Kuyere's Strategy for Extreme Affordability
Innovation that serves the lowest-income families first
If solar electrification is going to reduce poverty in Malawi villages, it needs to be distributed with new electricity and technology business models. In any economic exchange of money and services, the difference in value between the need that the customer has for the service and the cost to the supplier of providing that service is the “surplus value” or profit of the exchange. To reduce poverty, the net surplus value of electricity needs to be maximized, AND most of that surplus needs to go to the customer to increase standards of living. This means that to reduce poverty, solar technology needs to both have a rapidly falling cost, AND profits need to be shared equitably between suppliers and customers. In traditional business, companies focus primarily on maximizing growth and returns to their investors/owners. But this does not reduce poverty because when the suppliers keep the surplus for themselves to maximize growth, they do not leave enough surplus for the customers who need to retain net value to increase their standard of living.

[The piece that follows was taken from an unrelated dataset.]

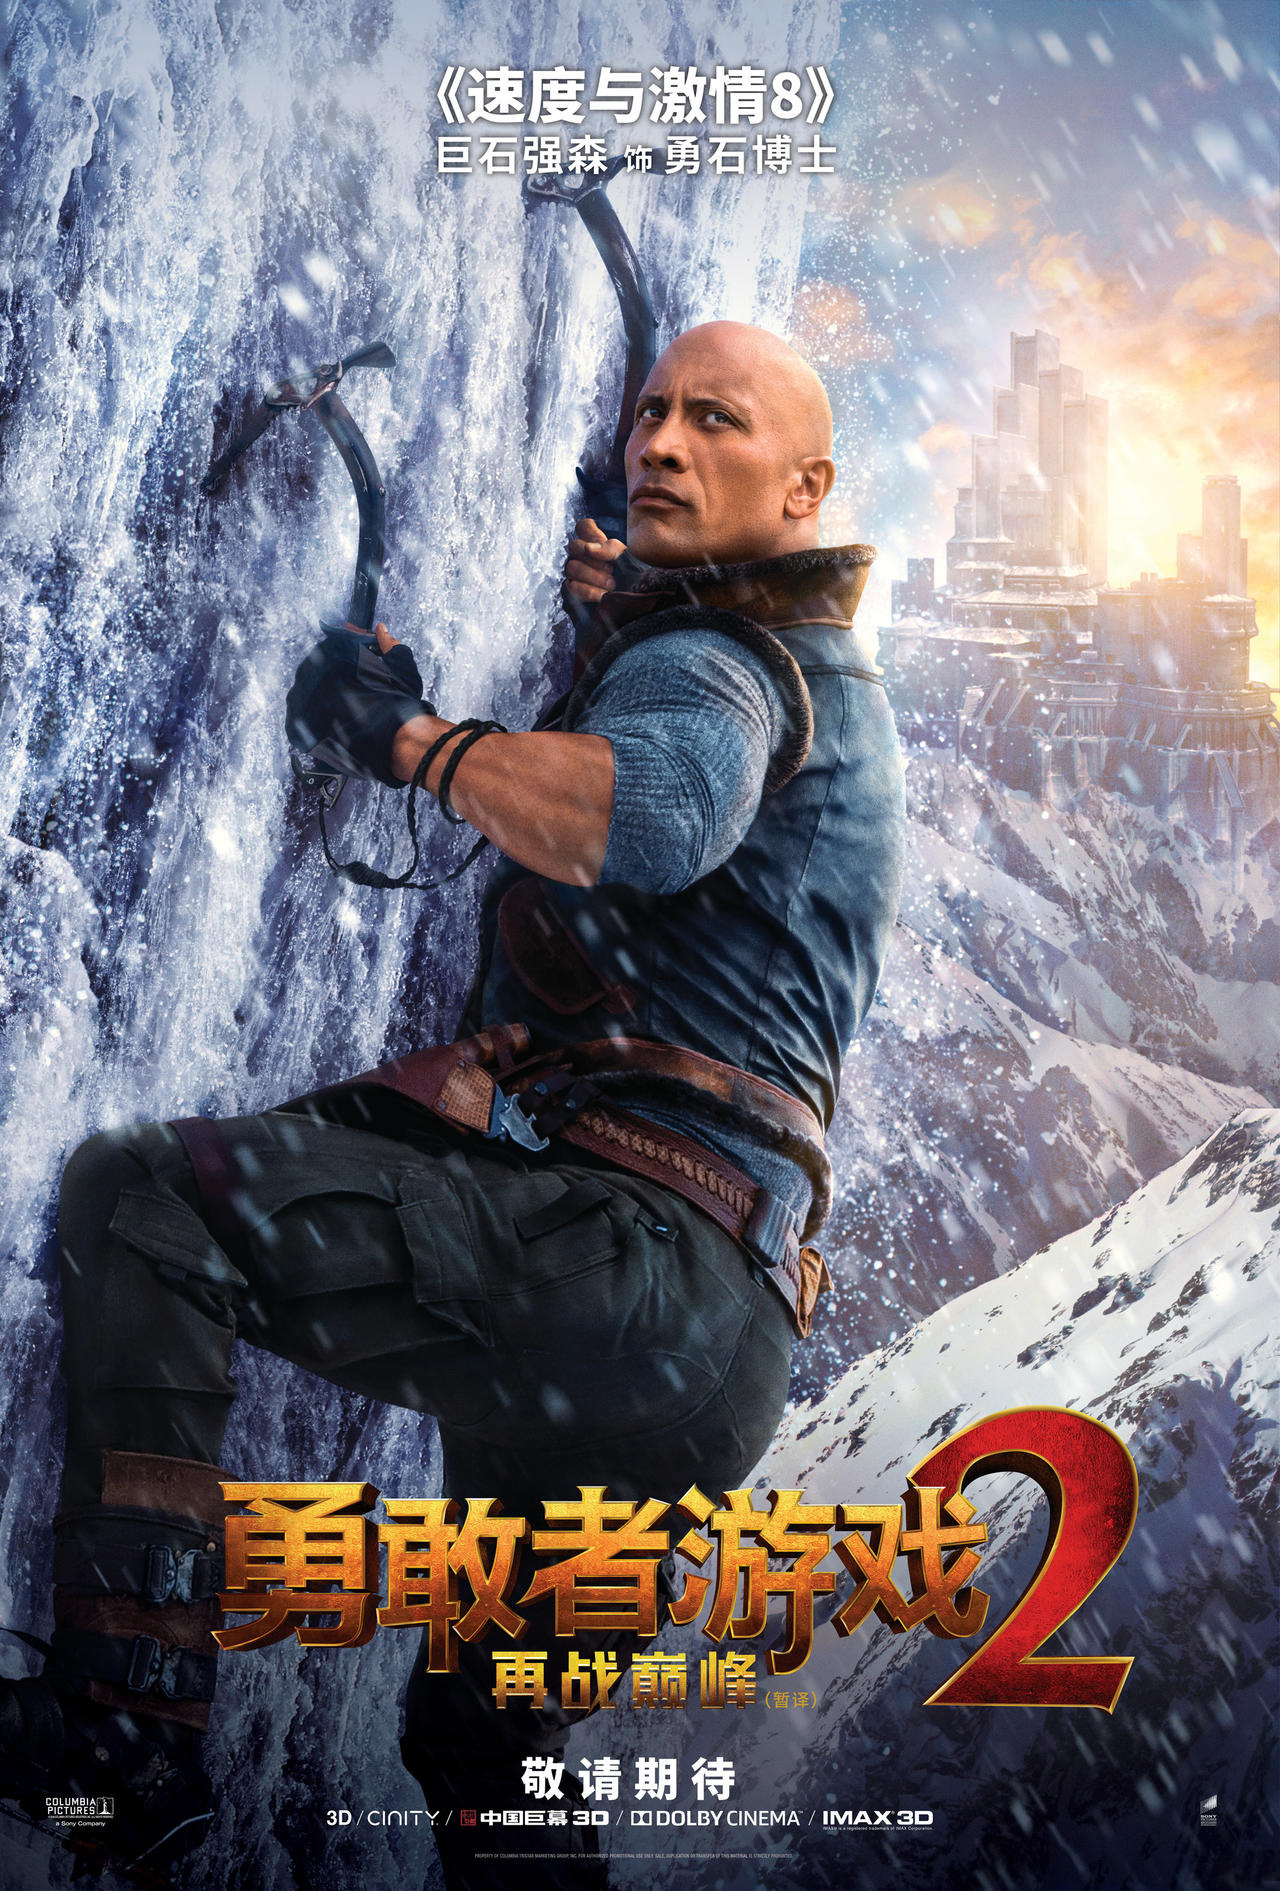 《勇敢者游戏2》中文版角色海报曝光 神秘人物露真容

Debt-free affordable solar
Even though there are approximately 45 countries in Sub-Saharan Africa, the vast majority of companies working on solar electrification are focusing on primarily four countries: Kenya, Tanzania, Rwanda, and Uganda. While some of the demand is being satisfied by current efforts and local entrepreneurs, there is a huge population of customers who are largely outside the sphere of operations of current efforts. What Kuyere’s effort does, is develop a business model and custom technologies for those hundreds of millions of potential users that may be falling through the cracks of current efforts.
We think we can do better than the other folks in terms of providing a better and more affordable solution that is relevant and feasible for a larger number of Malawi’s lowest-income customers. Note that the fact that we are trying to make a solution that is affordable for lower income countries and customers is not a criticism of projects and efforts that are targeting middle-income households and countries. It is simply because our venture has a moral focus (to help as many people as possible with limited funds), we have to reach greater levels of affordability than other suppliers. Some companies are charging approximately $10/month and $21/month respectively (according to news reports), whereas the solution we provide to households in Malawi scale down to an entry level system of only $2/month. The difference between a $2/month solution and a $10/month solution is very important for the lowest income customers.
Solar-electric cooking NOW!
“Last-forever” solar electricity that replaces batteries with capacitors
Capacitors make very-long-lasting solar home systems possible. Capacitors can last 10 years or more, but batteries do not. By using capacitors, we can provide solar electricity for even the lowest income customers because subsidized solar systems do not have to be replaced. When supporters know their financial contribution will have a greater long-term impact on the life of a low-income family; it is easier to get sponsors to support solar energy justice.